Aquellos que “se ponen el ritz” tenga cuidado de no ensuciar sus vestidos para que parezcan de mala calidad y andrajosos. La Biblia enseña que después de vestirnos con las prendas adecuadas, debemos mantenerlas puras. Leemos en Apocalipsis 3:4 “Tienes unos pocos nombres aun en Sardis que no han manchado sus vestiduras; y andarán conmigo en vestiduras blancas, porque son dignas.” Este pasaje enseña que había algunos que habían profanado sus vestiduras. Esto no debemos hacer, sino que debemos mantener nuestras vestiduras puras. Note Apocalipsis 16:15 “He aquí, vengo como ladrón. Bienaventurado el que vela y guarda sus vestiduras, para que no ande desnudo, y vean su vergüenza.” El no cuidar y guardar nuestras vestiduras resulta en desnudez y uno no verá el cielo en tal estado de vestidura espiritual.

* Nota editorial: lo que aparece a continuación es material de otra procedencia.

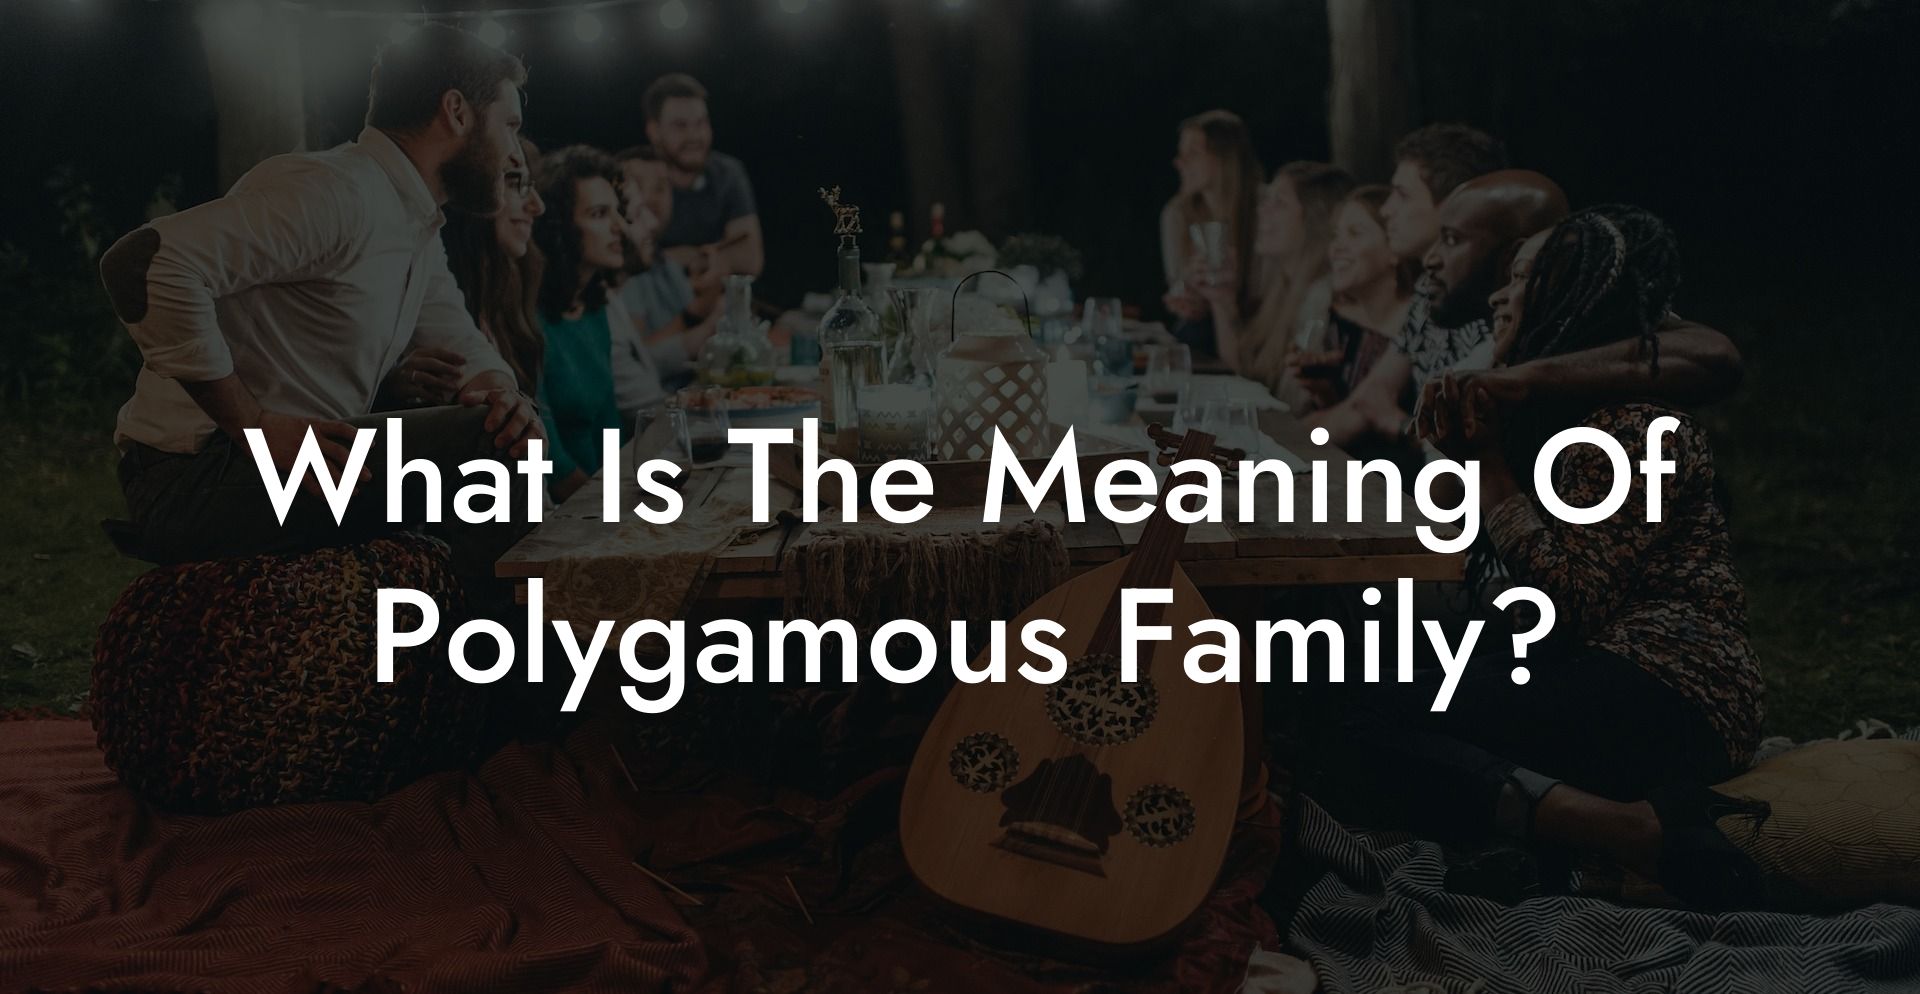 What Is The Meaning Of Polygamous Family?

La pregunta que debe hacerse ahora es esta: ¿Te has puesto las vestiduras de boda? ¿Estás vestido de justicia? ¿Te has puesto el hombre nuevo? ¿Ha sido creado en justicia y verdadera santidad? ¿Estás renovado en el conocimiento a imagen de Cristo? ¿Quieres quedarte en la fiesta de bodas? “Pero,” decís: “¿cómo puedo saber si me he puesto las vestiduras de Cristo?” Las escrituras nos dan la respuesta. Gálatas 3:27 dice: “Porque todos los que habéis sido bautizados en Cristo, de Cristo estáis revestidos”. Cuando somos bautizados, nos vestimos de Cristo. Nos vestimos de su justicia que proviene de entender y obedecer su palabra (Romanos 1:16, 17). Cuando obedecemos Su palabra, estamos seguros de que no la hemos sustituido por nuestra propia justicia. Nos vestimos del nuevo hombre al hacer morir al viejo hombre de pecado, sepultar al viejo hombre en una tumba de agua y resucitar como un nuevo hombre en Cristo (Romanos 6:3-11). El bautismo cristiano es el punto en el que enterramos al hombre viejo y damos vida al nuevo. Es el punto en el que somos revestidos de la justicia de Cristo a través de su palabra. Es el punto en el que nos ponemos los vestidos de boda. El bautismo cristiano es el punto en el que nos revestimos de Cristo. Si crees que te vistes de Cristo antes del bautismo, entonces te pones la prenda equivocada. Tienes que quitarte ese y ponerte el correcto. Hay un solo bautismo (Efesios 4:5). Solo hay una prenda para usar en la fiesta de bodas. ¿Lo llevarás puesto cuando el Rey regrese? ¿Te has “Poner en el Ritz” de Cristo, hoy.